"Direnişe çağırman için arkanda halk olması lazım"

AKP Genel Başkan Yardımcısı Ömer Çelik, ''Cumhuriyet Halk Partisi 'ben halkı direnişe çağırıyorum' diyor. Birilerini direnişe çağırmak için arkasında halk olması lazım. Sokağa çıkıp yürüseler, arkalarında kendi partilileri bile yürümez büyük bir ihtimalle'' dedi.

Abone Ol google-news
Yayınlanma: 05.02.2011 - 13:51

Çelik, Adana'nın Kozan ilçesinde partisince düzenlenen ''İlçe Danışma Meclisi'' toplantısının açılışındaki konuşmasında, yıllar boyunca ülkede siyaset kurumunun hırpalandığını, halkın hakkı olan demokrasinin, sivil bir anayasanın halktan esirgendiğini belirterek, ''Ülkenin sahibi olan sizlersiniz, fakat sizi yönetenler bu ülkede sizden aldıkları desteği her zaman başkalarının hizmetine sundular. Yıllar boyu Türkiye'de tartışılan değişimi siyasiler gerçekleştiremezken, 2002'de sizin sayenizde bu değişim bir seçimde gerçekleşti'' dedi.

O yıllarda ''Türkiye'nin nefesini tutup, her ay Milli Güvenlik Kurulu'ndan ne çıkacak, askerlerle siyasiler arasında nasıl bir siyasi kriz olacak'' diye beklediğini kaydeden Çelik, ''Türkiye her ay diğer aya bu gündemle girerdi. Türkiye, şimdi etrafımızda çeşitli toplumsal olaylarla anılan ülkeler, Tunus ve Mısır benzeri ülkeler, buradaki asker sivil ilişkileri gibi az gelişmiş demokrasiler gibi bir kategori içerisinde anılıyordu'' diye konuştu.

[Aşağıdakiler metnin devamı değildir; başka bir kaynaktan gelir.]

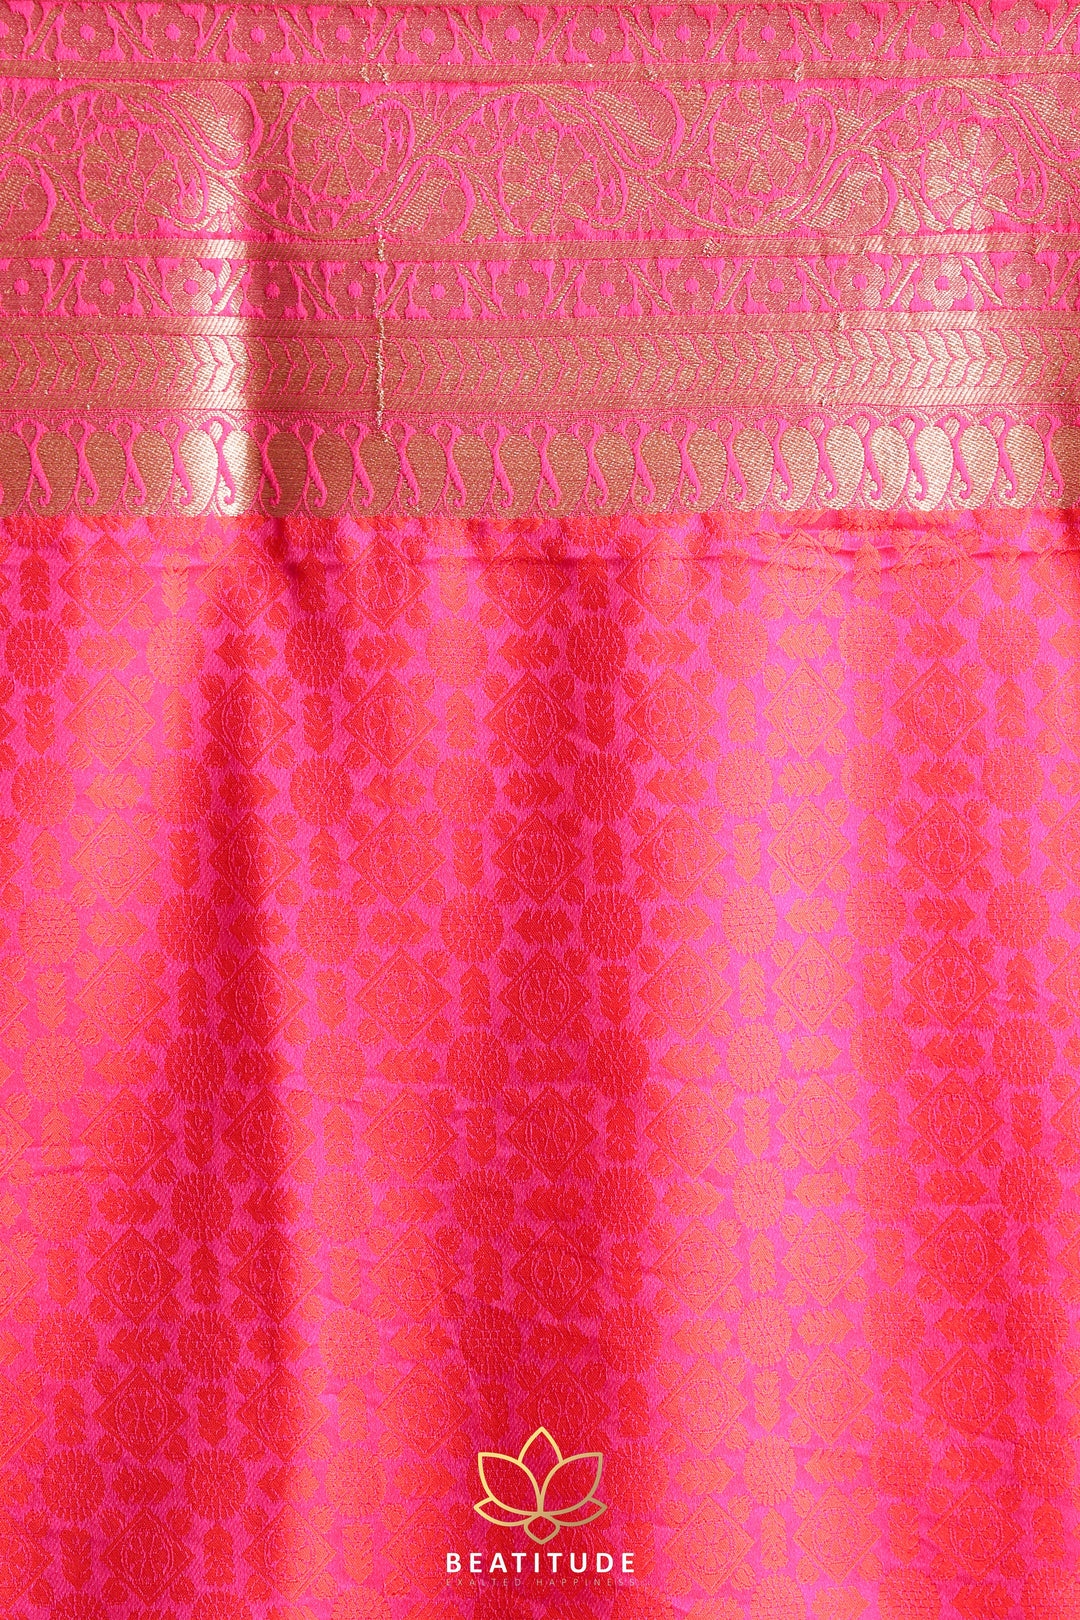 Beatitude Orangeish Pink Banarasi Saree with Unstitched Blouse

Çelik, birilerinin, ''Türkiye gelişmiş bir demokrasiye, ileri bir demokrasiye sahip, bunun değerin bilelim'' dediğini hatırlatarak, şunları söyledi:

''Kuşkusuz, bunun değerini en çok biz biliyoruz. Fakat bugün bunu söyleyenler, başka ülkelerle Türkiye'yi mukayese ederek bize ders vermeye kalkanlar, şunu unutuyorlar. Geçmişte eğer AKP iktidara gelmeseydi, AKP iktidarıyla birlikte bu demokratikleşme adımları atılmasaydı, aslında Türkiye'de seçimler yapılmasına rağmen, Türkiye'nin demokratik standartları, cumhuriyet standartları o ülkelerden bir gömlek ileride sayılabilirdi.

Sadece şeklen seçimler yapılmasına rağmen, diğer birtakım demokratik süreçler yerine getirilmesine rağmen, Türkiye'nin standartlarına baktığınızda, 2002'den önce, bugün Mısır'daki ve toplumsal olaylarla anılan diğer yerlerdeki uygulamalardan farksızdı. Şimdi birileri diyecekler ki; bu mukayese edilir mi? Cumhuriyet Halk Partisi 'ben halkı direnişe çağırıyorum' diyor. Birilerini direnişe çağırmak için arkasında halk olması lazım. Sokağa çıkıp yürüseler, arkalarında kendi partilileri bile yürümez büyük bir ihtimalle.''
 

''28 Şubat ve 27 Nisan başarılı olsaydı, asıl o zaman Mısır'daki yürüyüşler burda da olurdu"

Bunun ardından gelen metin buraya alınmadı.